Изменить стиль страницы

Встретились они всего раз. Стояла осень, ржавчина крыла деревья, но в погожие дни солнце ещё съедало тени. Петька, куражась, привёз из города гармониста, который знал все песни наперечёт, и, запуская глаза в стакан, третий день горланил на завалинке. «Эй, святоша!» — обнимая бутылку, окрикнул он Иегудиила, проходившего за оградой, и, хлопнув калиткой, полез целоваться. Ему хотелось рассказать, что в Сибири, далёкой и холодной, как луна, слёз не хватает, как денег, и там, если кто-то плачет, то остальные смеются, хотелось пожаловаться на судьбу, горькую, как водка, и, быть может, найти утешение в прошлом, когда они стояли под яблоней, рвали дичку и видели перед собой длинную-предлинную дорогу.

Но вместо этого подковырнул: «Значит, ждёшь воздаяния?»

В церковь Петька давно не ходил, а из Закона Божьего усвоил только, что в пятницу нельзя смеяться, чтобы в воскресенье не плакать, и что Предтечу зарезали, как петуха, кукарекавшего раньше рассвета. Но над Страшным Судом смеялся: чай, не хуже Сибири.

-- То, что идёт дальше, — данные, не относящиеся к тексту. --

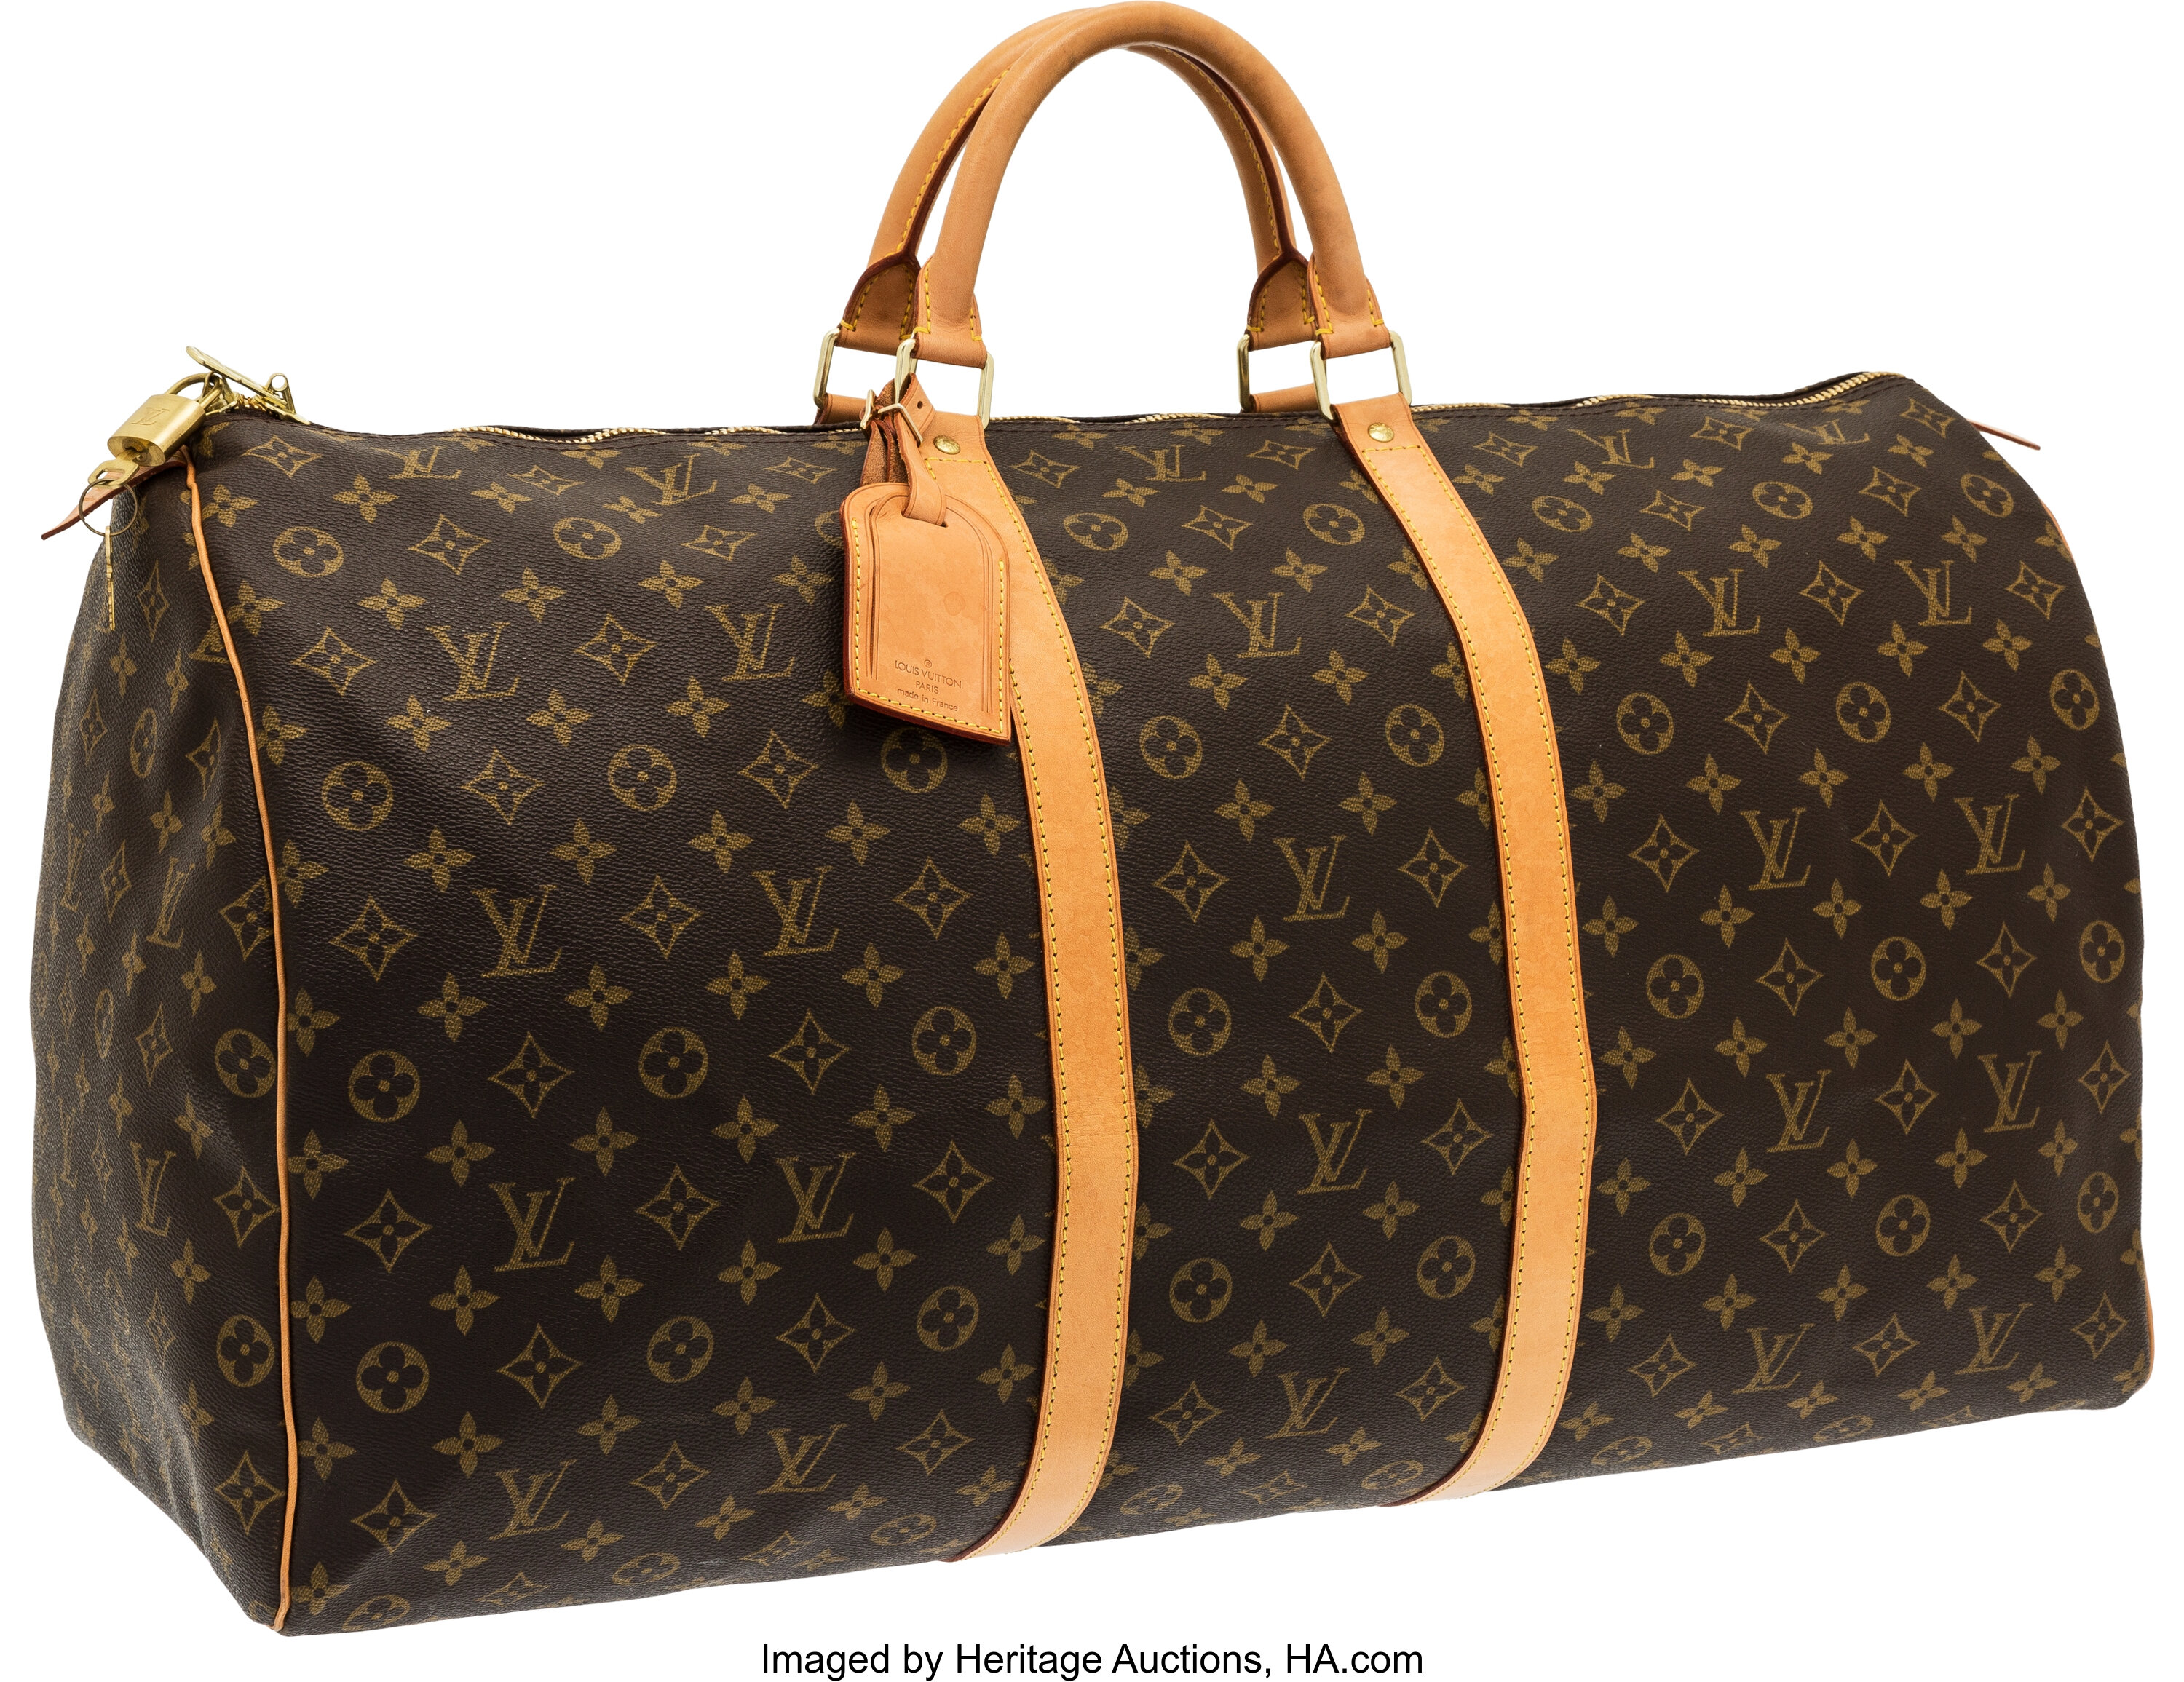 Louis Vuitton Classic Monogram Canvas Keepall 60 Weekender Bag. | Lot #58816 | Heritage Auctions

В глубине он был уверен, что мир встречает, как сиротский дом, ведёт через дом казённый, а провожает богадельней.

Не получив отпора, Петька озлобился.

— Уж лучше синица в руке… — подняв бутылку к бровям, икнул он.

— С синицей в руке не поймать журавля в небе…

А потом, старой телегой, загромыхала гражданская война, и в деревню пришли враги. Они так долго воевали, что уже и сами не знали, «красные» они или «белые», посерев от пыли трущихся об их шинели дорог. Вначале они расстреливали и рубили, а потом, жалея патроны и затупив сабли, стали отводить на лесопилку и давить досками. Их начальник, с усами, как крылья летучей мыши, и взглядом, как клинок, выбрал для постоя самый худой, покосившийся дом и судил, сидя на перевёрнутой просоленной бочке, словно говоря: «Не ждите от меня доброты, всё вокруг и так валится…» В молодости он был актёром, и одно время его имя гремело, пока не затерялось эхом в горах, оставив на душе разочарование и безмерную усталость. С тех пор, забыв настоящее, он носил своё театральное имя и пачкал его кровью, как мясник фартук. Пафнутий Филат был старше своих подчинённых вместе взятых, по утрам у него хрустели суставы, а от сырости ломило кости.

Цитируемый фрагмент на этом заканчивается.